┏━━

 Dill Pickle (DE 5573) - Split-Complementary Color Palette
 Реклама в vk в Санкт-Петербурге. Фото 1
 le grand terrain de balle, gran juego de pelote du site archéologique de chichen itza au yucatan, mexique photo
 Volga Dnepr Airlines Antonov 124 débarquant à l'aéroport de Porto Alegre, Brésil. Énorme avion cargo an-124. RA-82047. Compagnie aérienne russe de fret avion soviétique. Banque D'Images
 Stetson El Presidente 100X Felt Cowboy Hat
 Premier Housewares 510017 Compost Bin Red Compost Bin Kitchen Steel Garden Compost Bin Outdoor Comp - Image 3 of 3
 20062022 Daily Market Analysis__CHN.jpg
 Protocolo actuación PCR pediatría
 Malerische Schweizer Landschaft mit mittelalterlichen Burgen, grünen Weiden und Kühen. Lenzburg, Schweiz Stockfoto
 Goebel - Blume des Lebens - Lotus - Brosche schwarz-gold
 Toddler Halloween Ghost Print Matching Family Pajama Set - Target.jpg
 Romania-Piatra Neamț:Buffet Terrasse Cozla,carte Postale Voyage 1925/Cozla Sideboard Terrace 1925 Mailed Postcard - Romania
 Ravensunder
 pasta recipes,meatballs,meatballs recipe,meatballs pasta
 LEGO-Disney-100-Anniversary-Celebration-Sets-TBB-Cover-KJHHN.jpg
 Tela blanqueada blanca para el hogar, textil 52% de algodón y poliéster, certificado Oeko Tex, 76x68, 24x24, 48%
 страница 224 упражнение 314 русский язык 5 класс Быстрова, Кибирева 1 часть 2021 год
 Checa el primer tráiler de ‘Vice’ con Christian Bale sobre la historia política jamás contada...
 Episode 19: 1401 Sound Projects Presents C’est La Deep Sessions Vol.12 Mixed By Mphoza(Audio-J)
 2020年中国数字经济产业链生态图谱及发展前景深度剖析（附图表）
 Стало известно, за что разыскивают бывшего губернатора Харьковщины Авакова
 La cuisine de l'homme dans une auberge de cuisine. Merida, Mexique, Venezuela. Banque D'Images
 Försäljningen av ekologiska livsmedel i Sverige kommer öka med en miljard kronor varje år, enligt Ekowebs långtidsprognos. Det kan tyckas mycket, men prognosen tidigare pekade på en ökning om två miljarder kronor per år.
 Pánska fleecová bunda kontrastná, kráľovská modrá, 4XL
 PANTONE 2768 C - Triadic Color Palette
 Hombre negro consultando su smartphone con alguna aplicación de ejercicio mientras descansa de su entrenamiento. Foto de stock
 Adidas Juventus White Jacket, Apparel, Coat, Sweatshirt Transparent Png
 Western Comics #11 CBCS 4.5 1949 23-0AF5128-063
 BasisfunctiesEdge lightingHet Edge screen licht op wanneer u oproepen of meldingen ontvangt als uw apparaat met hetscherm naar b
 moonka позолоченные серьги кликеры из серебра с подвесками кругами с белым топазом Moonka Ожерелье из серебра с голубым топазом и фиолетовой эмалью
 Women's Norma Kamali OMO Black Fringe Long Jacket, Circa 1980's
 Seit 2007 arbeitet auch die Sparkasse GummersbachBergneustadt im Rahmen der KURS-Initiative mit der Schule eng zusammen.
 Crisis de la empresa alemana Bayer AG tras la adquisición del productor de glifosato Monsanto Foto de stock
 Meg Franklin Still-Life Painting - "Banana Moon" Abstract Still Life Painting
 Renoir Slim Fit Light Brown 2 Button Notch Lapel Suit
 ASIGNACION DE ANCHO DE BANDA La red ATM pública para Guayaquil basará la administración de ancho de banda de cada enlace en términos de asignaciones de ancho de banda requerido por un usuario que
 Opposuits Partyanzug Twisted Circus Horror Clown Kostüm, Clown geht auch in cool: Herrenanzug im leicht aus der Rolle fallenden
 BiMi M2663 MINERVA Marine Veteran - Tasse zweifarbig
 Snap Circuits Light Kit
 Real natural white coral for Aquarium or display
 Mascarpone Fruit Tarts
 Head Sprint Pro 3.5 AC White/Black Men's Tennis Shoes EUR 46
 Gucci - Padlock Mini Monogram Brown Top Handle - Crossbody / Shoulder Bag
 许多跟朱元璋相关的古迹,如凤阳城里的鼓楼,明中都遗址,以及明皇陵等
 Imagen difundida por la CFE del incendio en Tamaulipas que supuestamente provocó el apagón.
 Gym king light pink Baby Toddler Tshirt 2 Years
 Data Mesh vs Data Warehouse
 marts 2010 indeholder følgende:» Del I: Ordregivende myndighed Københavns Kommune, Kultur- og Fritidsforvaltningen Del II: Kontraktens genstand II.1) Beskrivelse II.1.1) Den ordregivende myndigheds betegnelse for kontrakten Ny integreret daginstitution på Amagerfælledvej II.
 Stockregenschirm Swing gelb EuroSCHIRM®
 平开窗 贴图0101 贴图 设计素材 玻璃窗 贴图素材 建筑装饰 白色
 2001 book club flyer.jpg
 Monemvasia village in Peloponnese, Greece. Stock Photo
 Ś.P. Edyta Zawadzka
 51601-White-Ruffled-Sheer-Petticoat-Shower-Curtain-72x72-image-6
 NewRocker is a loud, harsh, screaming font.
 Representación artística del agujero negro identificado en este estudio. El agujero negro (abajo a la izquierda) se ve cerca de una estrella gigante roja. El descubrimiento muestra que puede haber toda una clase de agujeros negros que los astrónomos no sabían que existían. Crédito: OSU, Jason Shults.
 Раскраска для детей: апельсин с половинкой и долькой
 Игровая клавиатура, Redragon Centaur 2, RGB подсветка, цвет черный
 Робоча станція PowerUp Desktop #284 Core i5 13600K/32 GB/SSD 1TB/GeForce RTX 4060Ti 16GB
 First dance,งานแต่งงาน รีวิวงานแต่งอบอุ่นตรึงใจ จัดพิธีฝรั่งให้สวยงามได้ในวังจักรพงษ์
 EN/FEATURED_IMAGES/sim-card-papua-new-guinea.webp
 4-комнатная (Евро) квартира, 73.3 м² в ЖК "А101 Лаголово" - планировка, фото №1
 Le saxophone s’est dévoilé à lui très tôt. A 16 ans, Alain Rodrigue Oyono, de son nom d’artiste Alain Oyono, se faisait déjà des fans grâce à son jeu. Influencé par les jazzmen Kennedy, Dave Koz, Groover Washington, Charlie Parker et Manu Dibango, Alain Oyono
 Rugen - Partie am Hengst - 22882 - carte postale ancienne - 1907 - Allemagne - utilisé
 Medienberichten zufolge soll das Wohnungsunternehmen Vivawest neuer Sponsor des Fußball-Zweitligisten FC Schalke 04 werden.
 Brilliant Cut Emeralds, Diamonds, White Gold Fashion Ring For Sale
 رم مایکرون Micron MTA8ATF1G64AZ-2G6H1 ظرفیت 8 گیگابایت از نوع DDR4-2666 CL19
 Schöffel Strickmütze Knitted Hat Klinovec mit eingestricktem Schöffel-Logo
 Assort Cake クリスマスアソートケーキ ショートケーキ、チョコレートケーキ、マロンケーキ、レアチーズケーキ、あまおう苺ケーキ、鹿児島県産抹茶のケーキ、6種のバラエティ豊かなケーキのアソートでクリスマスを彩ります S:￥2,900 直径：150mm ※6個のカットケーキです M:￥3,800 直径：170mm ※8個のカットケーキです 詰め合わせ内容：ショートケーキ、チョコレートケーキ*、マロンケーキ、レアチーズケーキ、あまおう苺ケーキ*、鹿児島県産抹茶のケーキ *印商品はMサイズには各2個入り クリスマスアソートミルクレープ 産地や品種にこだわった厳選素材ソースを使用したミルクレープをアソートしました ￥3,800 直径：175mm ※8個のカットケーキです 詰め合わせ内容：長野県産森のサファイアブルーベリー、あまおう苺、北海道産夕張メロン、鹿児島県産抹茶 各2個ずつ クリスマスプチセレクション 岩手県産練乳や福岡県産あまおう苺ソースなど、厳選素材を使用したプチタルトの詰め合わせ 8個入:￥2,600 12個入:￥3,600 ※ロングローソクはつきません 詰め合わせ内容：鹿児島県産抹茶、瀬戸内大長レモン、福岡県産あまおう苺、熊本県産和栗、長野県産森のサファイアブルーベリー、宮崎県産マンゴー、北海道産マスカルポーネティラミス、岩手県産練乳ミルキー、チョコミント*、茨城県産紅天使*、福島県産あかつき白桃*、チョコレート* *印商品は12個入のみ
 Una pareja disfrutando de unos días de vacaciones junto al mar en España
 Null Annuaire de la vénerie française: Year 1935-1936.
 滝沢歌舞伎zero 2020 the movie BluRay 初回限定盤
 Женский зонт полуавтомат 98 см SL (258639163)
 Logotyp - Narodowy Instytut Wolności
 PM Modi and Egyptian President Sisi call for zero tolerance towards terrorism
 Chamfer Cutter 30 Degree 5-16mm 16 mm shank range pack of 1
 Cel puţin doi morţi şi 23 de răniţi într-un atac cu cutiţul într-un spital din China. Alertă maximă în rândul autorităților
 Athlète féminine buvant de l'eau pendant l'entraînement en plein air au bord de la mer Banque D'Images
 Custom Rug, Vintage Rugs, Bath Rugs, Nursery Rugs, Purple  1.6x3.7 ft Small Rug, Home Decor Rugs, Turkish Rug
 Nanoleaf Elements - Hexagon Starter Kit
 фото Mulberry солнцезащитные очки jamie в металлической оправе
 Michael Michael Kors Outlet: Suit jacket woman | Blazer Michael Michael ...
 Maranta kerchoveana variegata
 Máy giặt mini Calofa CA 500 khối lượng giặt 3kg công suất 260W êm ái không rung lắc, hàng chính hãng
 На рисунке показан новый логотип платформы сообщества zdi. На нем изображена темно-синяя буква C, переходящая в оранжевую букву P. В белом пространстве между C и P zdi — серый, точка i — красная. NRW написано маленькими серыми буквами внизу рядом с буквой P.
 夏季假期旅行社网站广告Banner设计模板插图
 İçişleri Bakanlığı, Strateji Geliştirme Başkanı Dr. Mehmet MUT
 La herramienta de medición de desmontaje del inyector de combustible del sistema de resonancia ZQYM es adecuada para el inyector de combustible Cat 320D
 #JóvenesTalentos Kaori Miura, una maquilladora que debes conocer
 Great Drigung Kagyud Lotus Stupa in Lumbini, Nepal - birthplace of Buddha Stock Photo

┗━━

What the task requires » Set down exactly the lines of the data above, beginning with the line that has "20062022 Daily Market Analysis__CHN.jpg" and ending with the line that has "LEGO-Disney-100-Anniversary-Celebration-Sets-TBB-Cover-KJHHN.jpg", and no others.

Answer area »
 20062022 Daily Market Analysis__CHN.jpg
 Protocolo actuación PCR pediatría
 Malerische Schweizer Landschaft mit mittelalterlichen Burgen, grünen Weiden und Kühen. Lenzburg, Schweiz Stockfoto
 Goebel - Blume des Lebens - Lotus - Brosche schwarz-gold
 Toddler Halloween Ghost Print Matching Family Pajama Set - Target.jpg
 Romania-Piatra Neamț:Buffet Terrasse Cozla,carte Postale Voyage 1925/Cozla Sideboard Terrace 1925 Mailed Postcard - Romania
 Ravensunder
 pasta recipes,meatballs,meatballs recipe,meatballs pasta
 LEGO-Disney-100-Anniversary-Celebration-Sets-TBB-Cover-KJHHN.jpg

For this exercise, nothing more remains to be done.